> **What the task asks**
Write out exactly every line from the one containing "Missoni Black Cotton T-shirt - Blue" through the final line of the material below, both included. Pictures are to be skipped.

> **Data section**
BEGIN
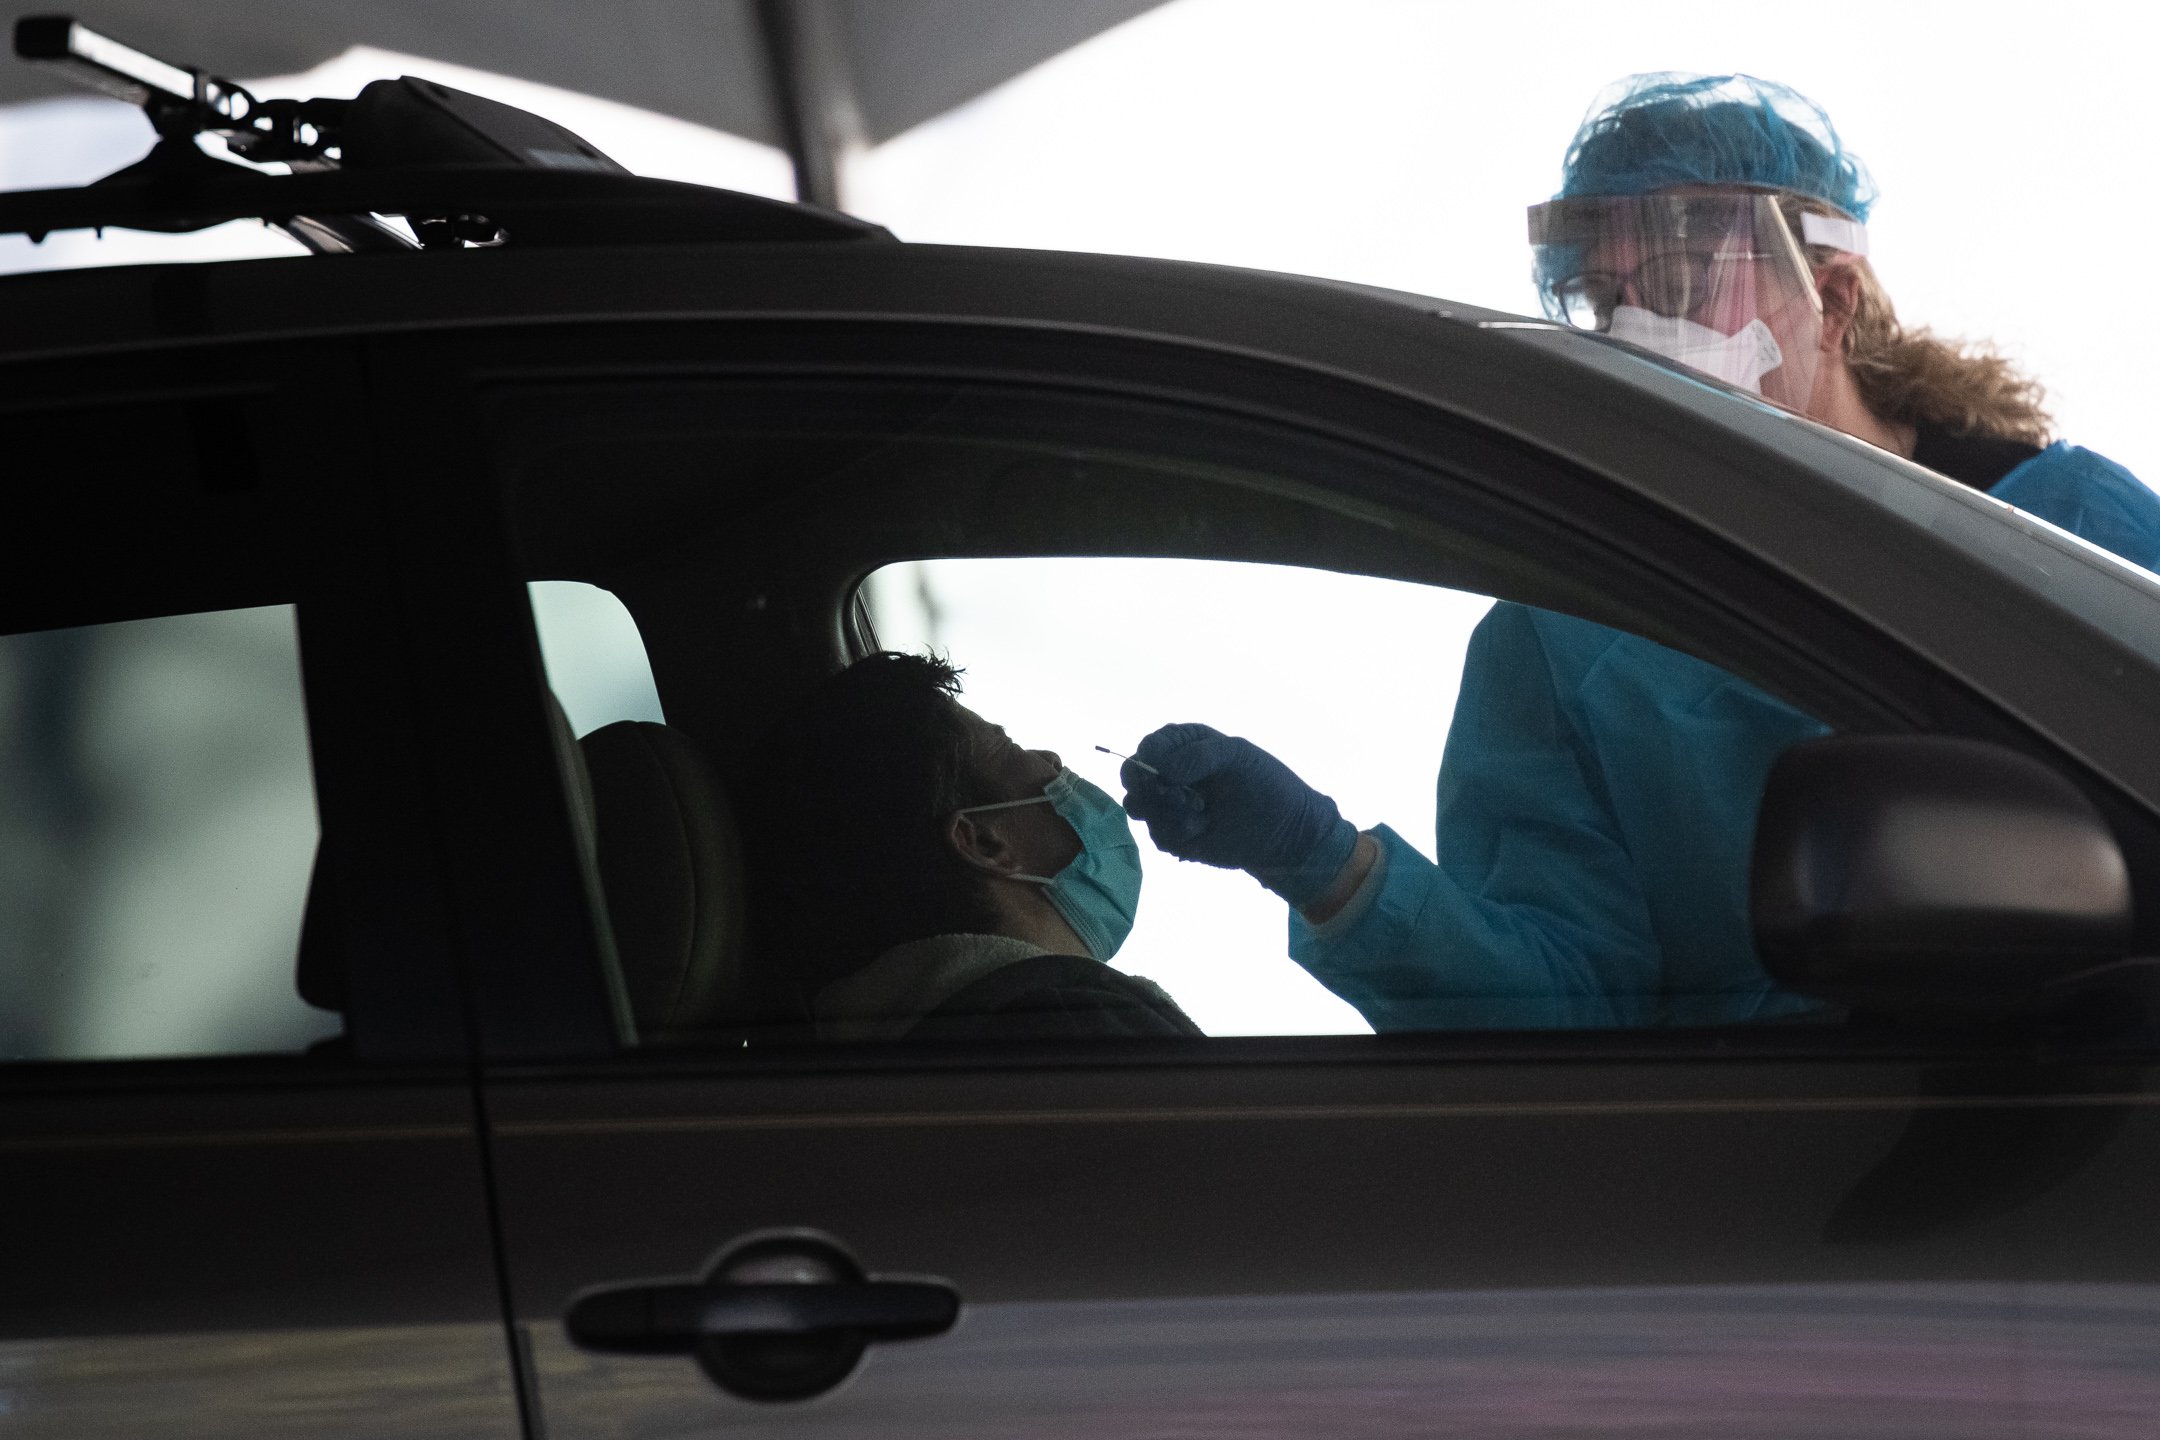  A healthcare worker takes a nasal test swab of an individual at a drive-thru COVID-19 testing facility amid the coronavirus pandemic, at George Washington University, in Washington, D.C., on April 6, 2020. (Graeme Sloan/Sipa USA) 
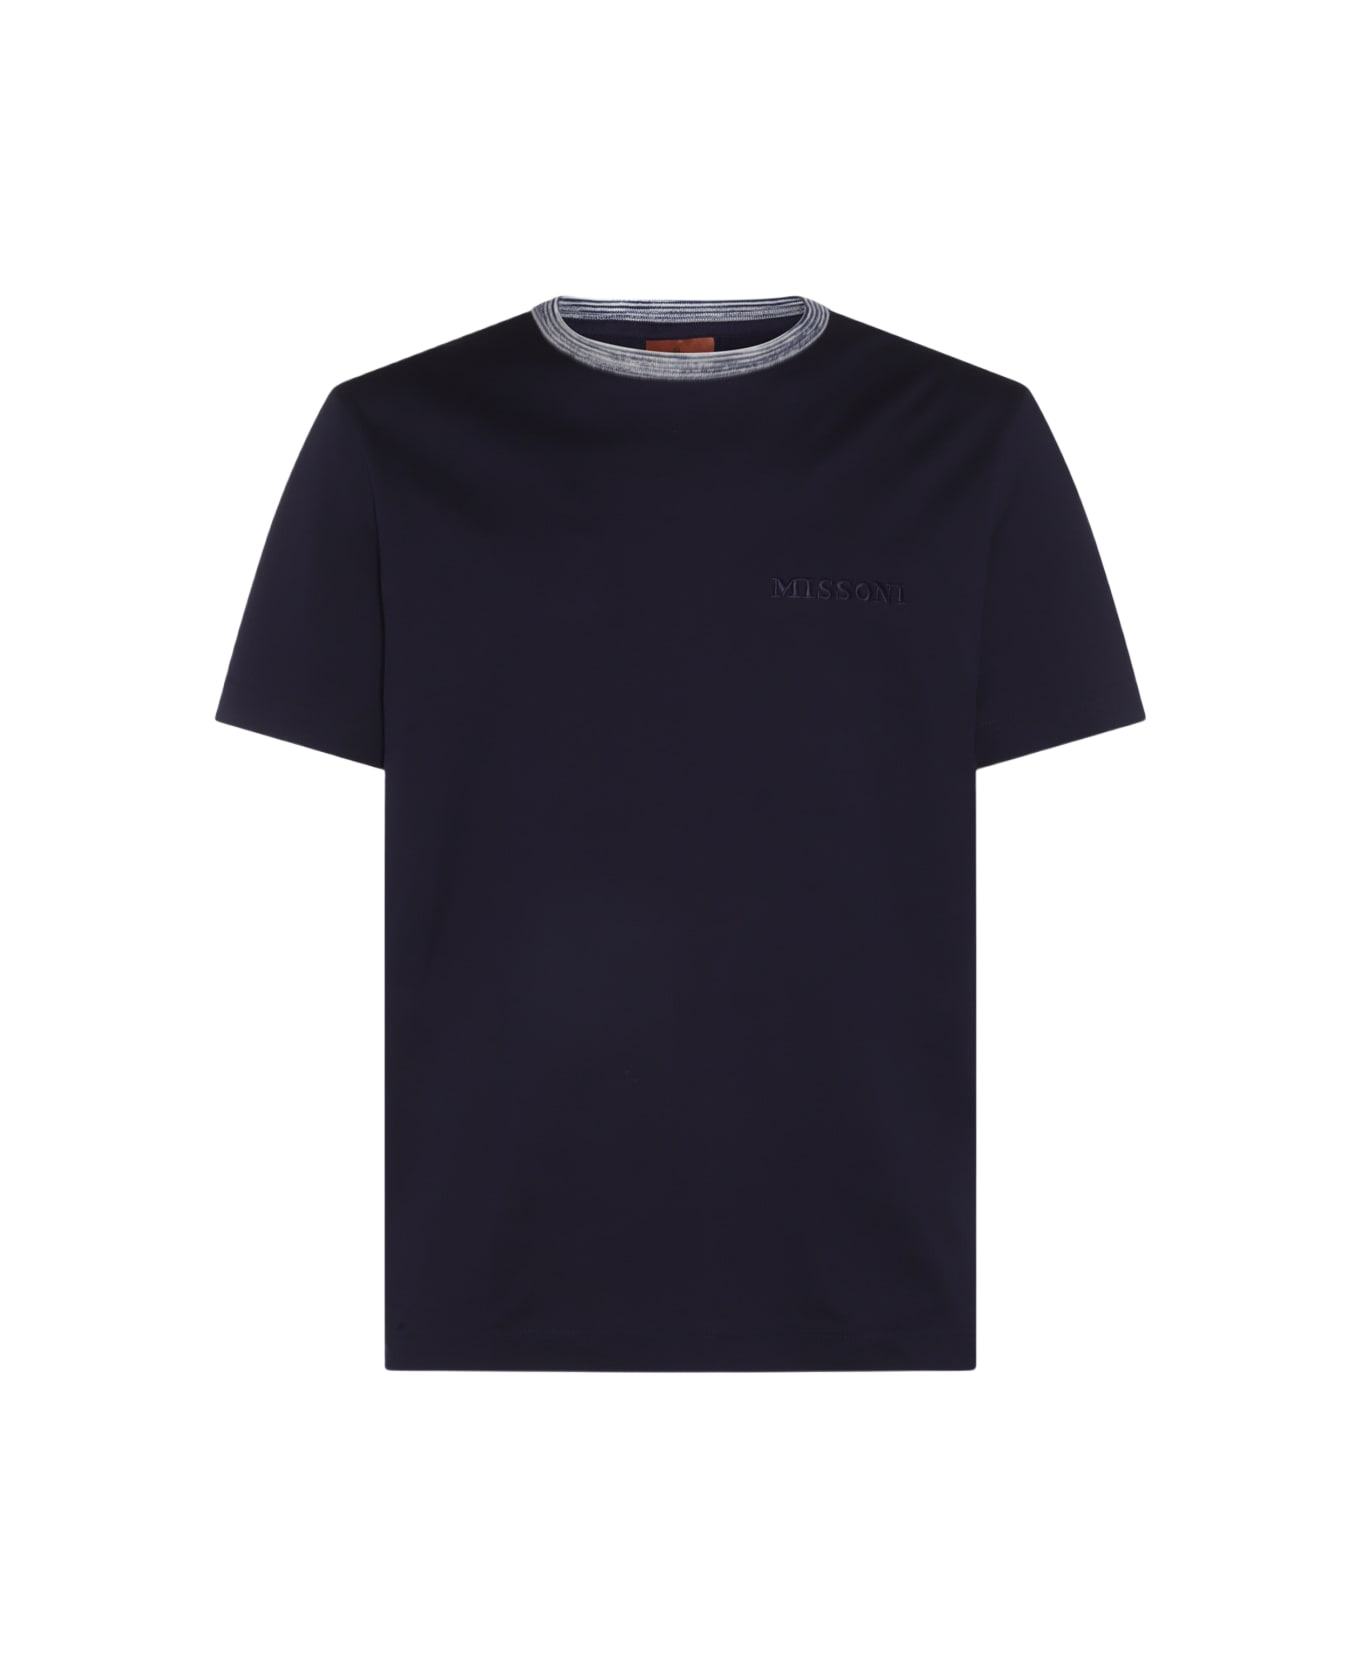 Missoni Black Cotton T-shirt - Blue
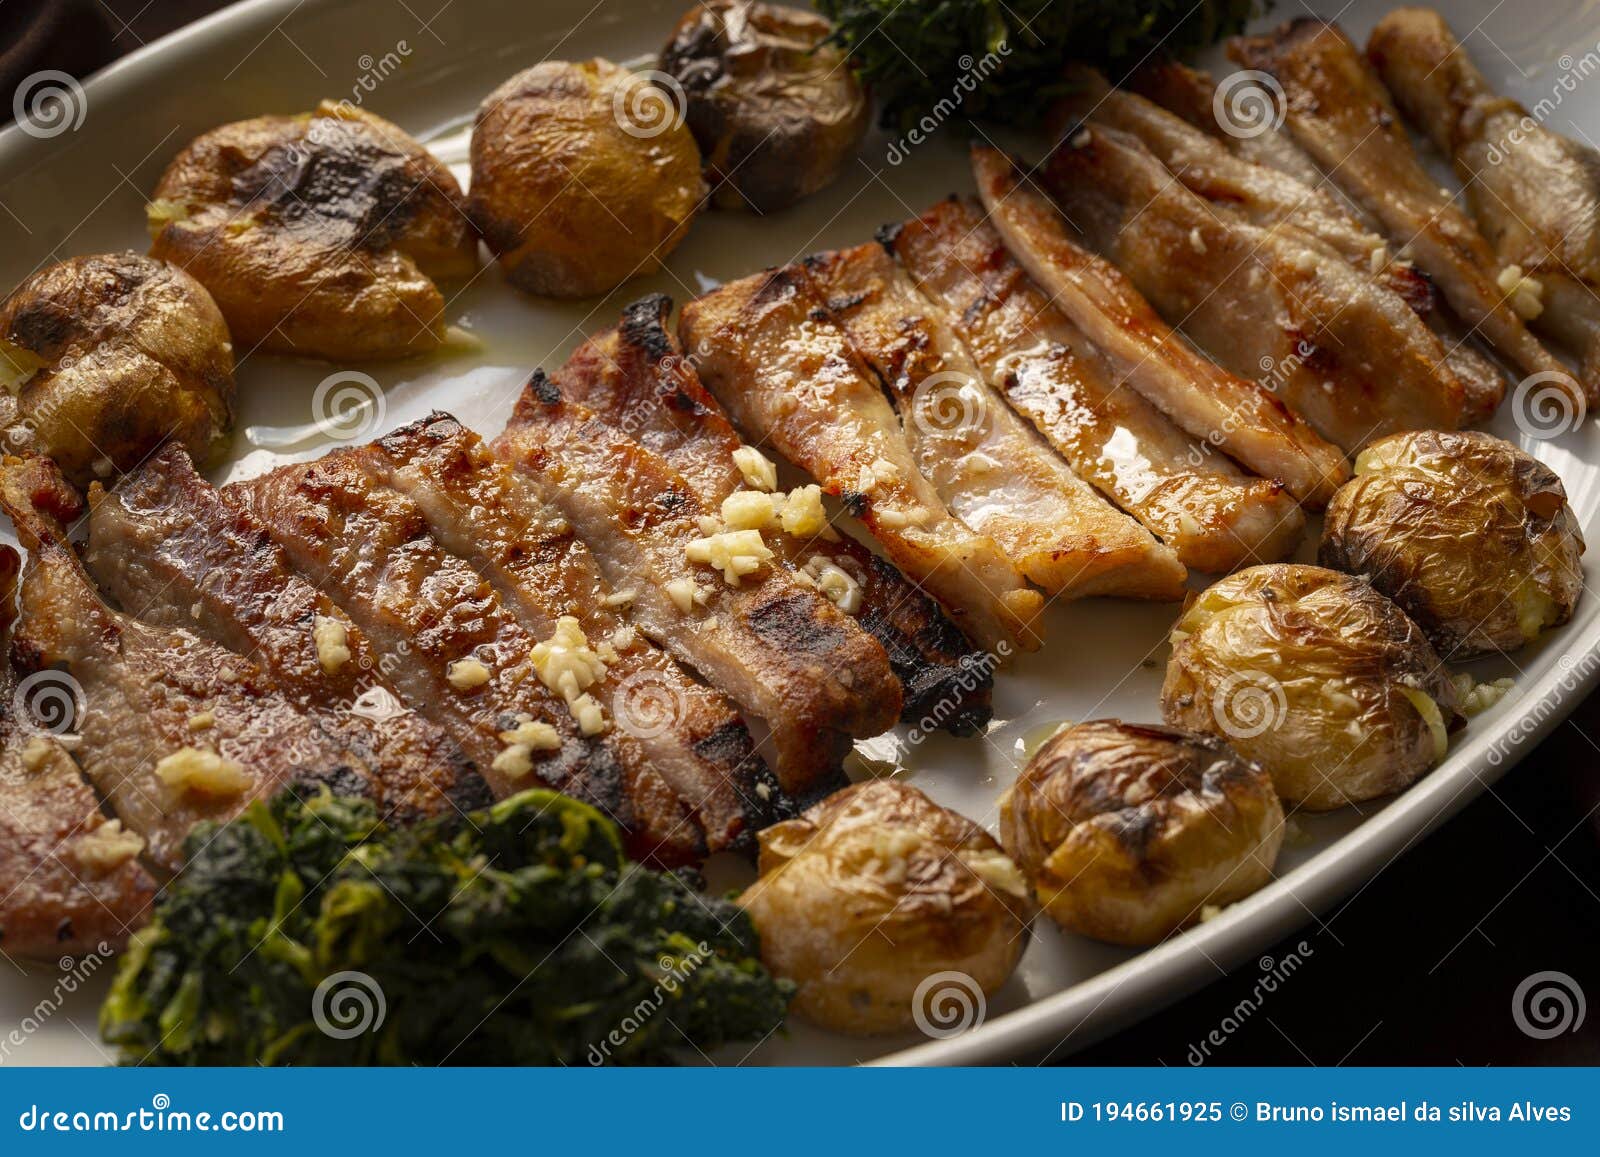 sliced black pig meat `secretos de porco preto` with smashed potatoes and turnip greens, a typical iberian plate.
END
> **Answer to the problem**
 Missoni Black Cotton T-shirt - Blue
 sliced black pig meat `secretos de porco preto` with smashed potatoes and turnip greens, a typical iberian plate.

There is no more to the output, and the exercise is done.